A lot of sci-fi (at least where TV/Films are concerned) keeps getting too bogged down in what it thinks that it should be, and doesn't actually try to explore new possibilities or expand much, which generally means that the quality of sequels progressively gets worse, and the show ends up being a sort of even mush vaguely resembling the original.

The main example I could think of is probably Star Trek. It's too fixated on everything as it is, so even things that are supposed to be radical changes just re-establish the status quo with a new coat of paint. A radical show with radical viewpoints would never take off, as newer iterations would try to emulate the success of the show, and keep to the old.

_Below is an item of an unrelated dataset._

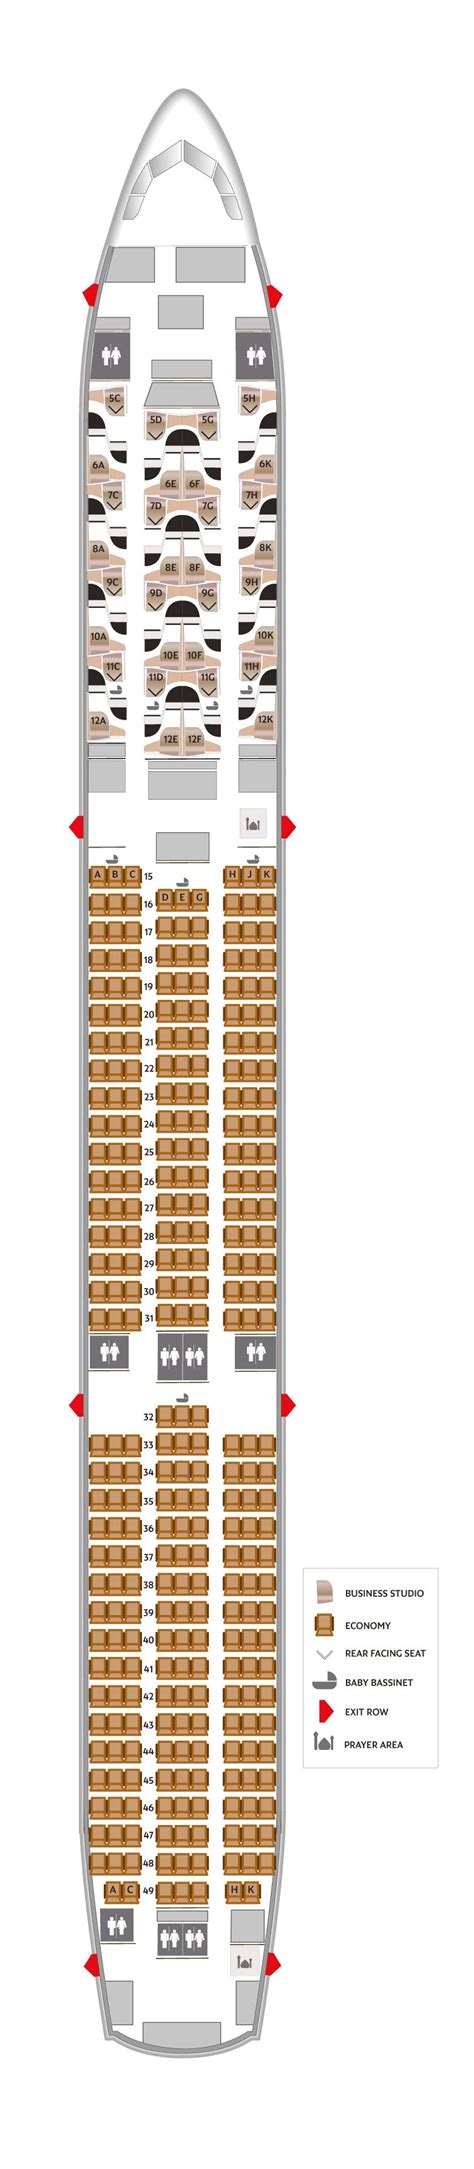 seat map and seating chart boeing dreamliner etihad airways 48734 hot sex picture
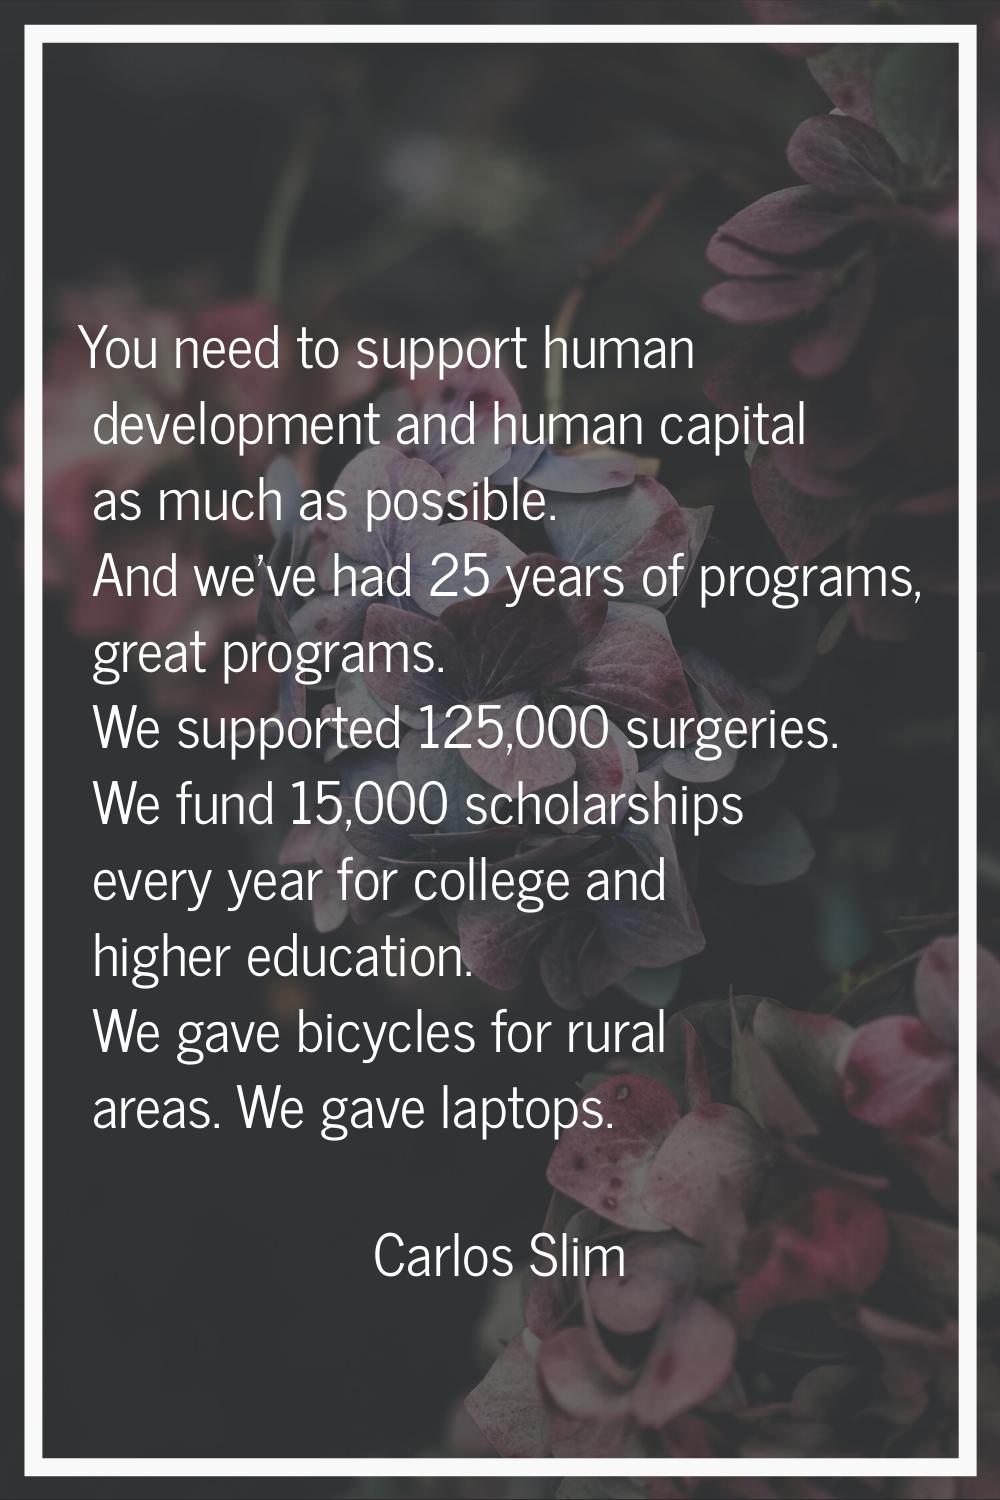 You need to support human development and human capital as much as possible. And we've had 25 years

It's part of why later Star Trek shows seem to be a bit more conservative, by comparison. Sure, values have changed since the original show, but the level of radical progressiveness has also gradually wound down too. Compared to the original show, which tried to push things from all angles, something like Star Trek: Discovery would seem almost conservative. Most of its more progressive elements are fairly standard for the time period it is set in, rather than pushing the envelope like the original did.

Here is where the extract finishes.